Investors looking to avoid the EU Savings Tax Directive by moving to Singapore may have pulled the short straw. Under pressure from OECD countries over its impressive bank secrecy, Singapore has looked to buckle up with its senior finance minister denying that it is a tax haven, and encouraging further OECD cooperation.
The mininster for Finance and Transport Lim Hwee Hua has said that although the Republic has low taxes, it has a strong rule of law and is looking to adopt the Organisation of Economic Cooperation and Development (OECD) standard for transparency and effective exchange of tax information.

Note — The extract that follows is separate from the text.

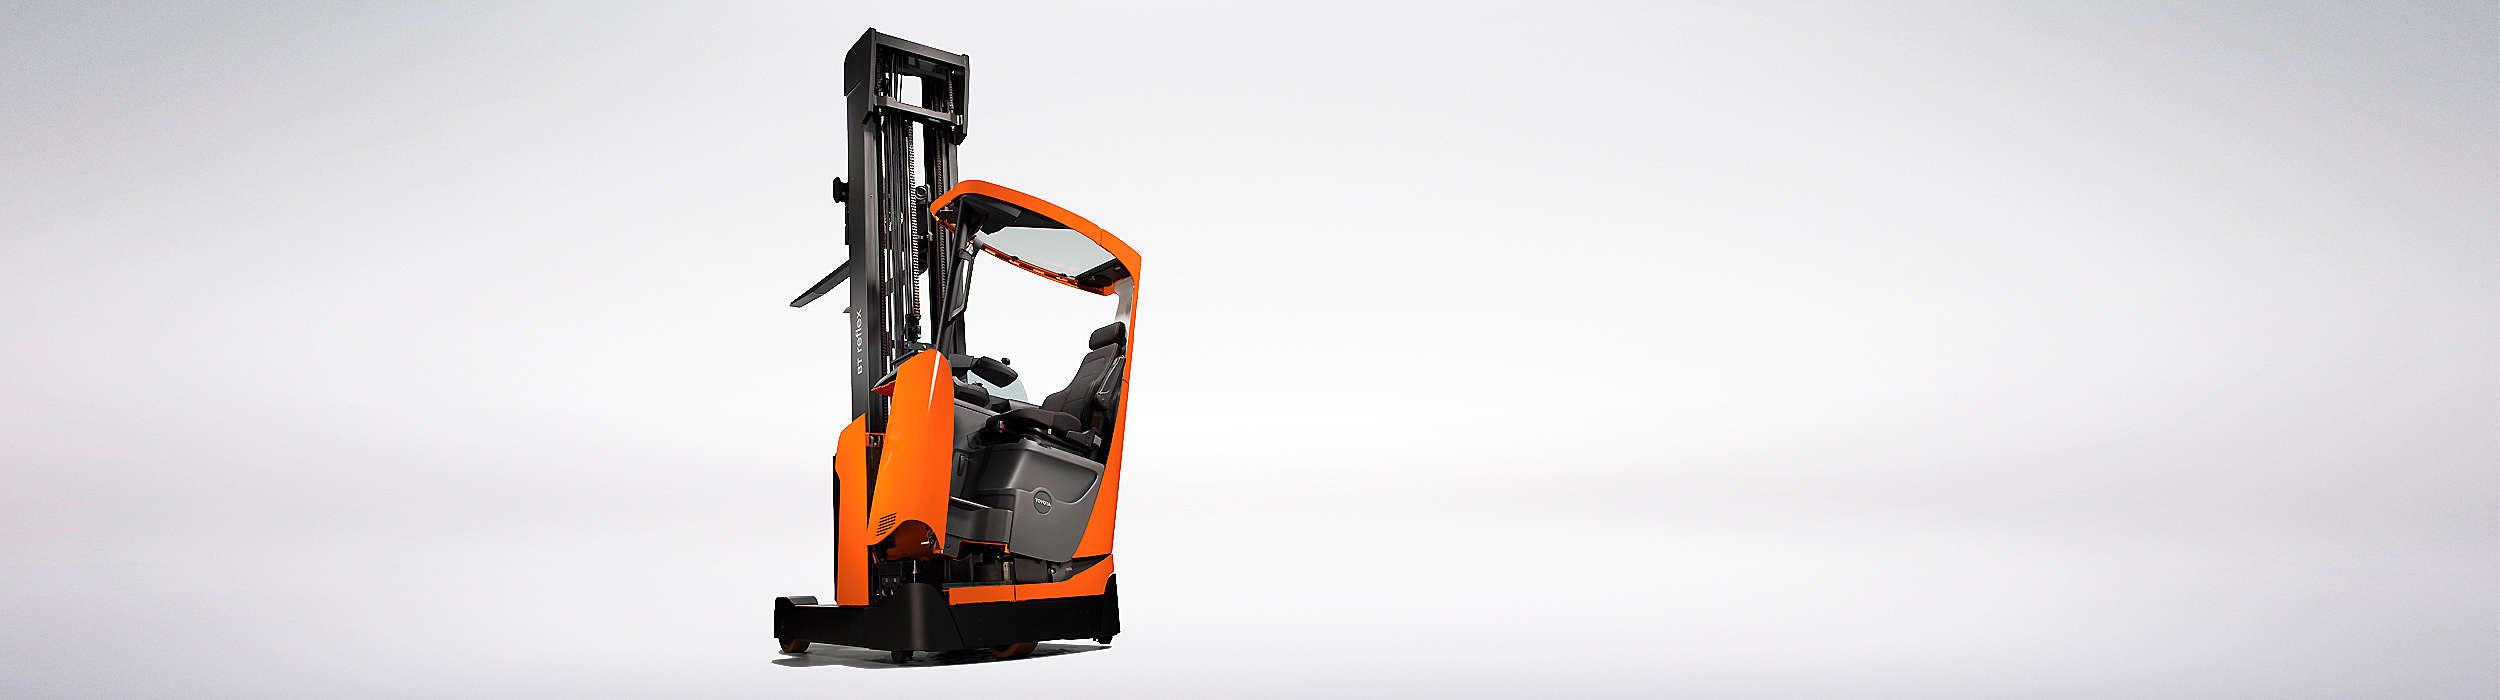 BT Reflex E-serien med unik tiltkabine, der giver ultimativ førerkomfort.

‘We will be engaging the OECD and the industry to study this OECD standard with a view to endorsing it,’ said Lim.
This news may frighten many investors who have invested in Singapore offshore banking following the introduction of the EU Savings Tax Directive in 2005. It requires countries that are signatories to either deduct withholding tax at source or disclose details of foreign depositors to their home jurisdictions.

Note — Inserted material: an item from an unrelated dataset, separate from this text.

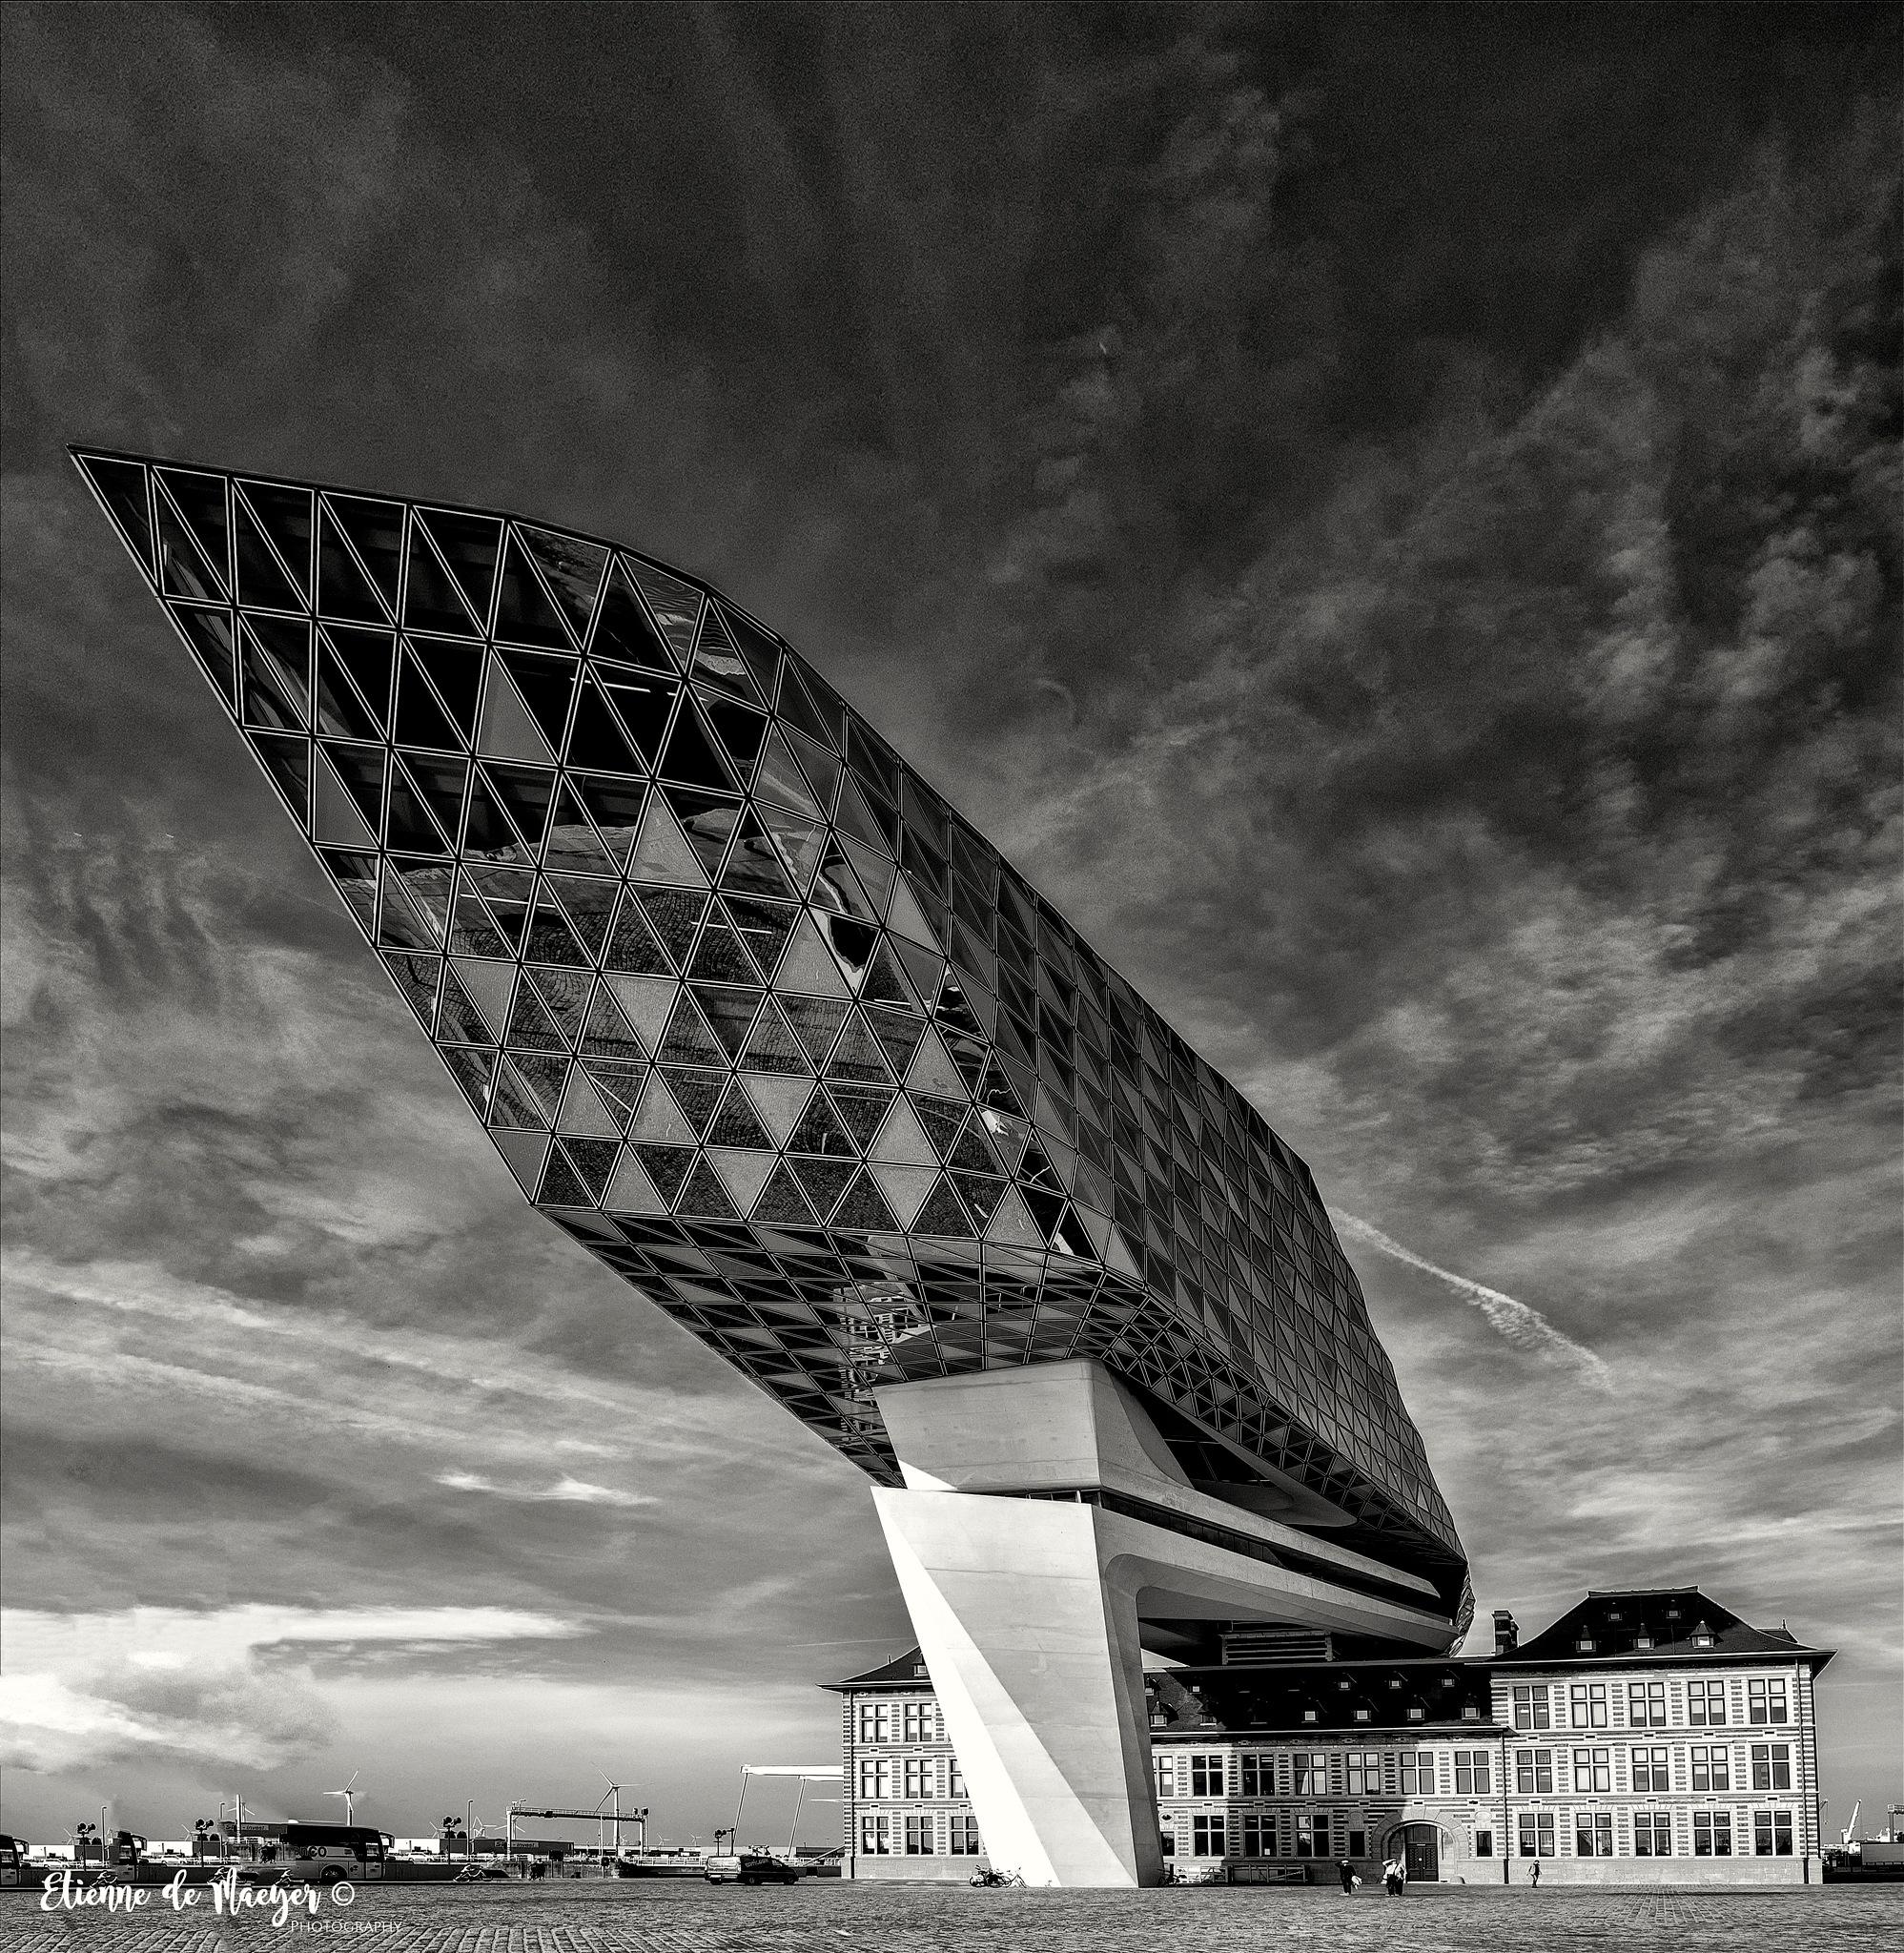 Antwerpen by Etienne de Maeyer

The directive caused many investors to flee out of havens that were affected by the measure such as the Channel Islands, Switzerland and the Cayman Islands to farther fields such as Honk Kong and Singapore.
Singapore saw a huge expansion of its wealth management business due to its perceived independence from the EU. Total assets in the Singaporean banking system grew from $150 billion in 1998 to $1.173 trillion by the end of 2007 reports citynewswire.
Countries which have agreed to comply with the EU directive are Andorra, Anguilla, Aruba, Austria, Belgium, British Virgin Islands, Cayman Islands, Channel Islands, Cyprus, Czech Republic, Denmark, Estonia, Finland, France, Germany, Greece, Hungary, Ireland, Isle of Man, Italy, Latvia, Lichtenstein, Lithuania, Luxembourg, Malta, Monaco, Montserrat, Netherlands, Netherlands Antilles, Poland, Portugal, San Marino, Slovakia, Slovenia, Spain, Sweden, Switzerland, Turks and Caicos, the UK – but up until now, not Singapore or Hong Kong. See OECD website for recent bilateral tax agreements
Both are huge banking centers in their own right and attractive to foreign investors – but for how long?